| Exercise instructions |
Repeat the data in full. Drop every picture.

| Given information |
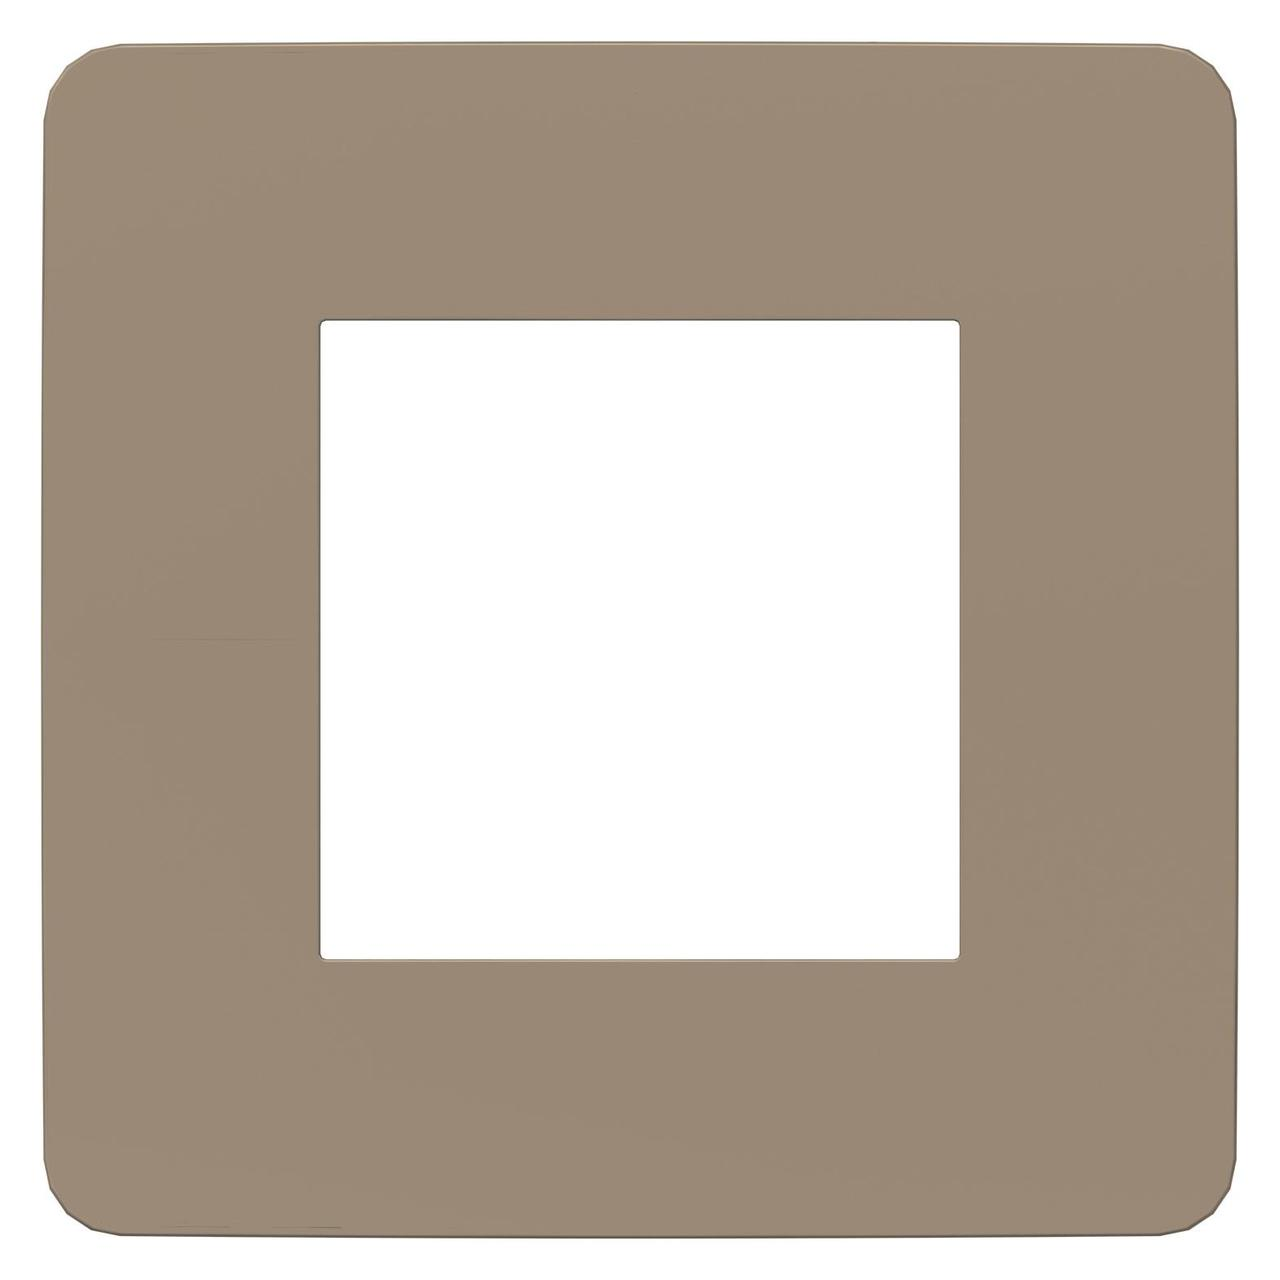 Рамка 1-ая (одинарная), Песочный/Белый, серия Unica Studio, Schneider Electric
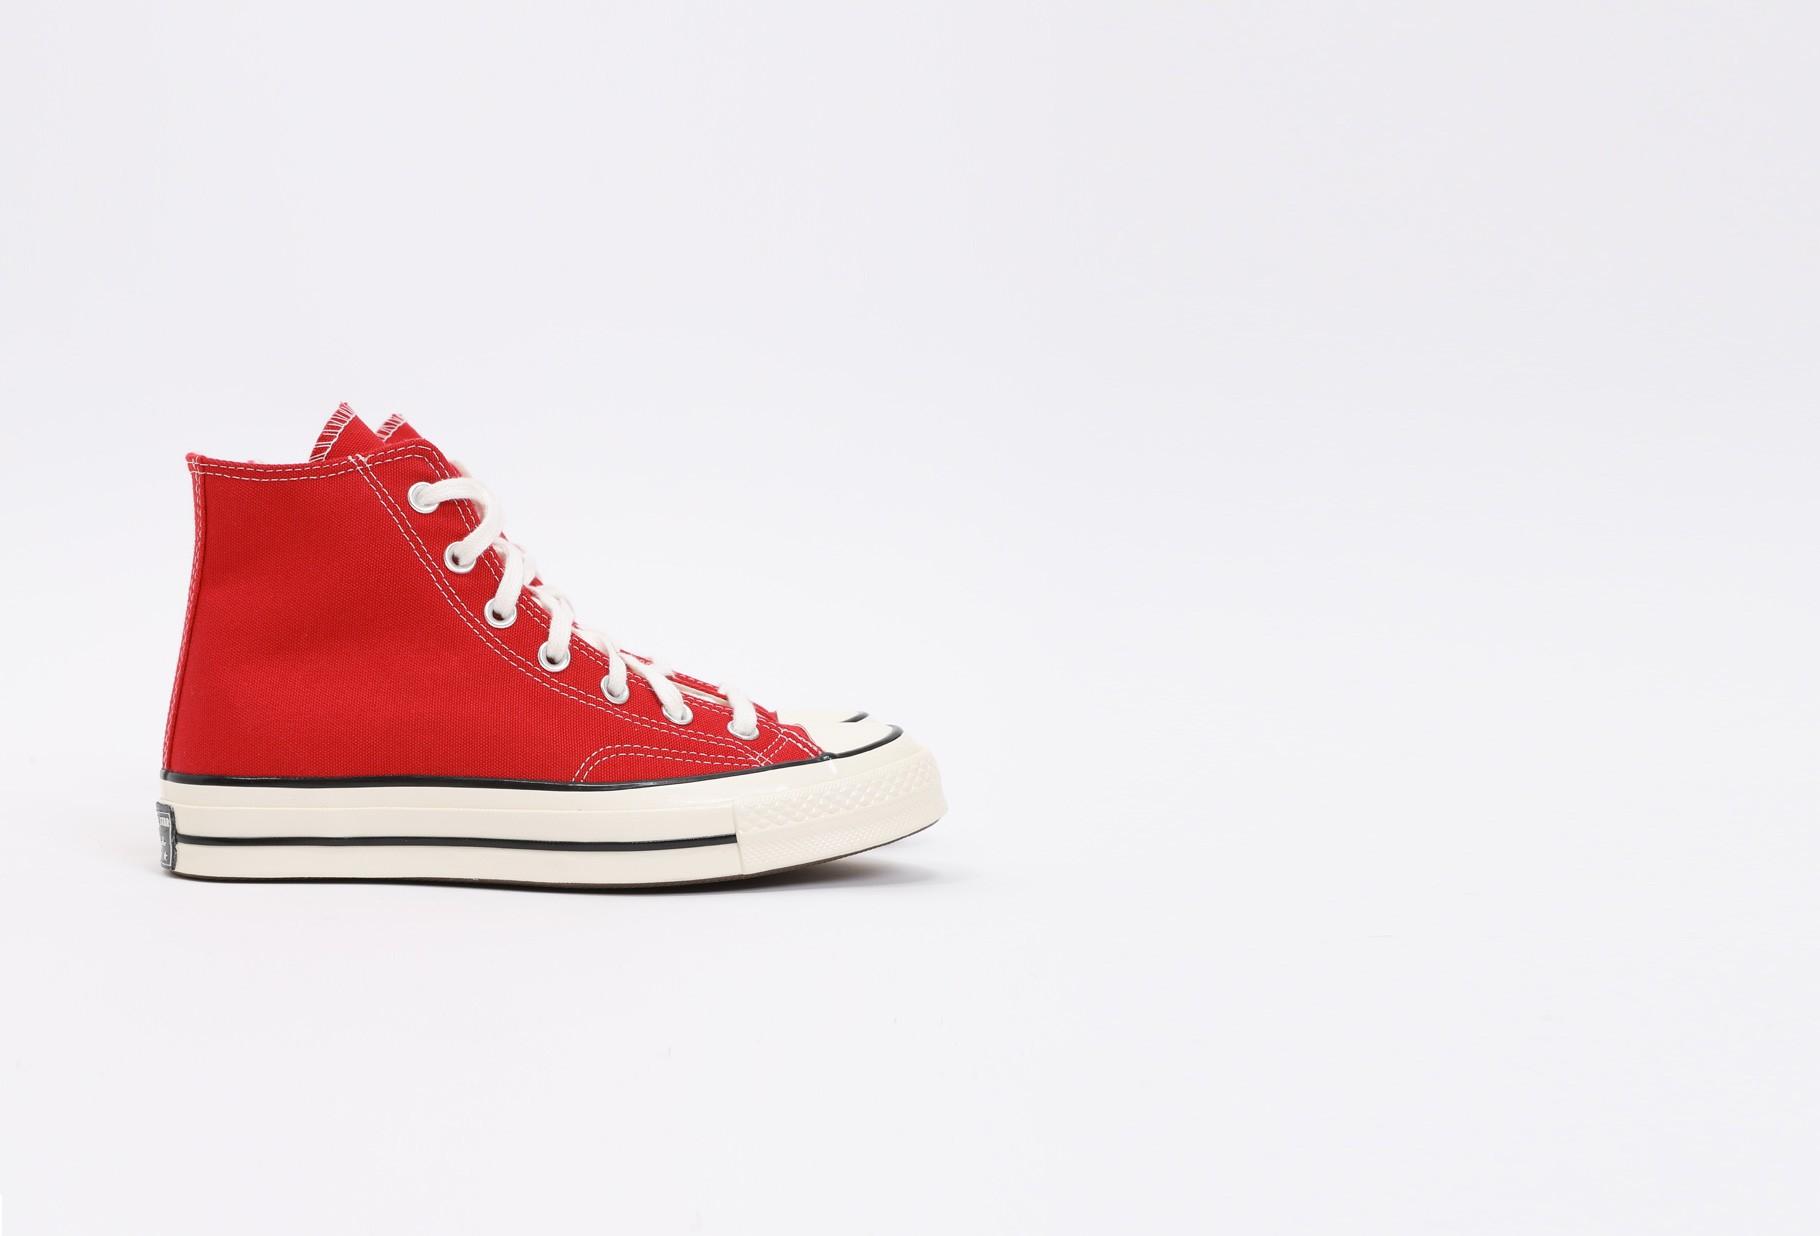 CONVERSE / Ctas 70's hi Enamel red
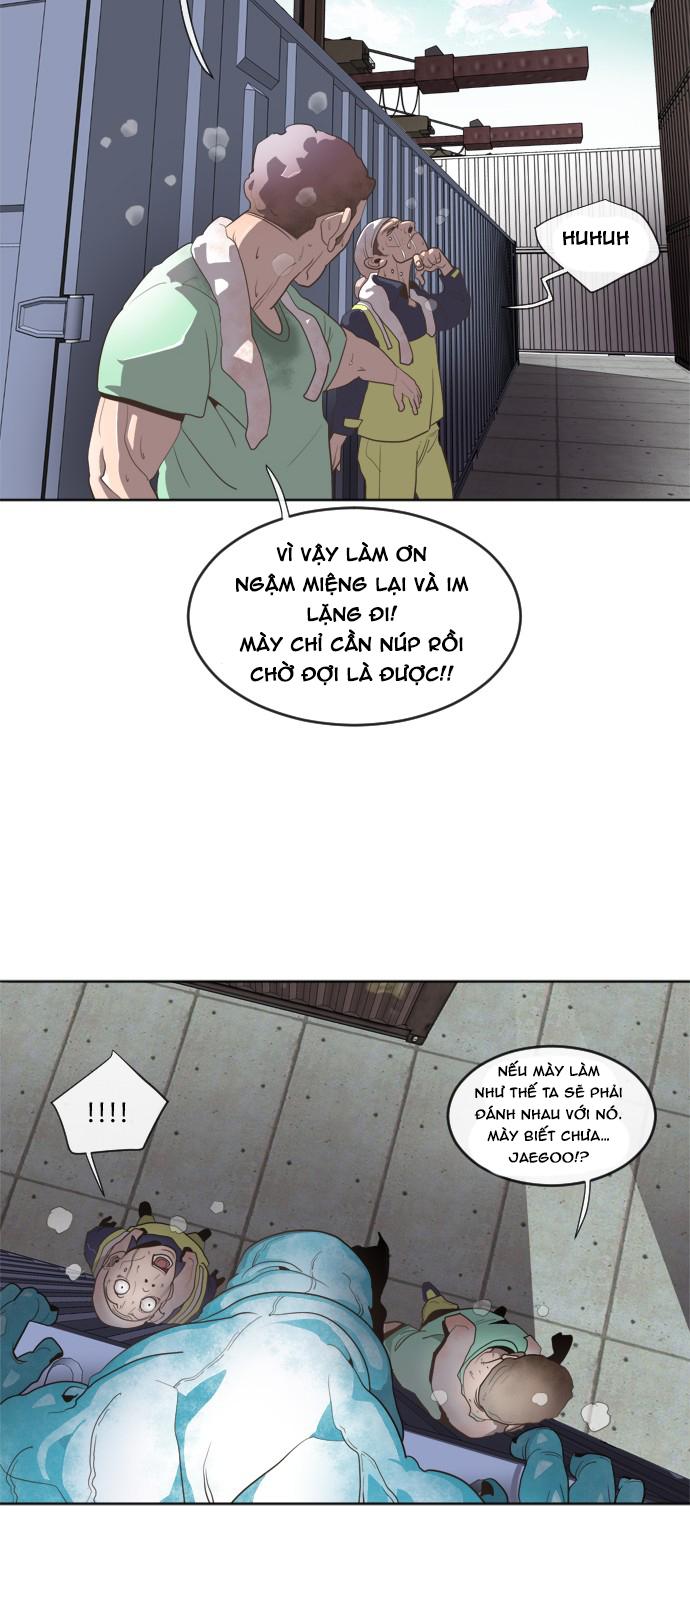 Kĩ Nguyên Của Anh Hùng chap 2 - Trang 48

| Response |
 Рамка 1-ая (одинарная), Песочный/Белый, серия Unica Studio, Schneider Electric
 CONVERSE / Ctas 70's hi Enamel red
 Kĩ Nguyên Của Anh Hùng chap 2 - Trang 48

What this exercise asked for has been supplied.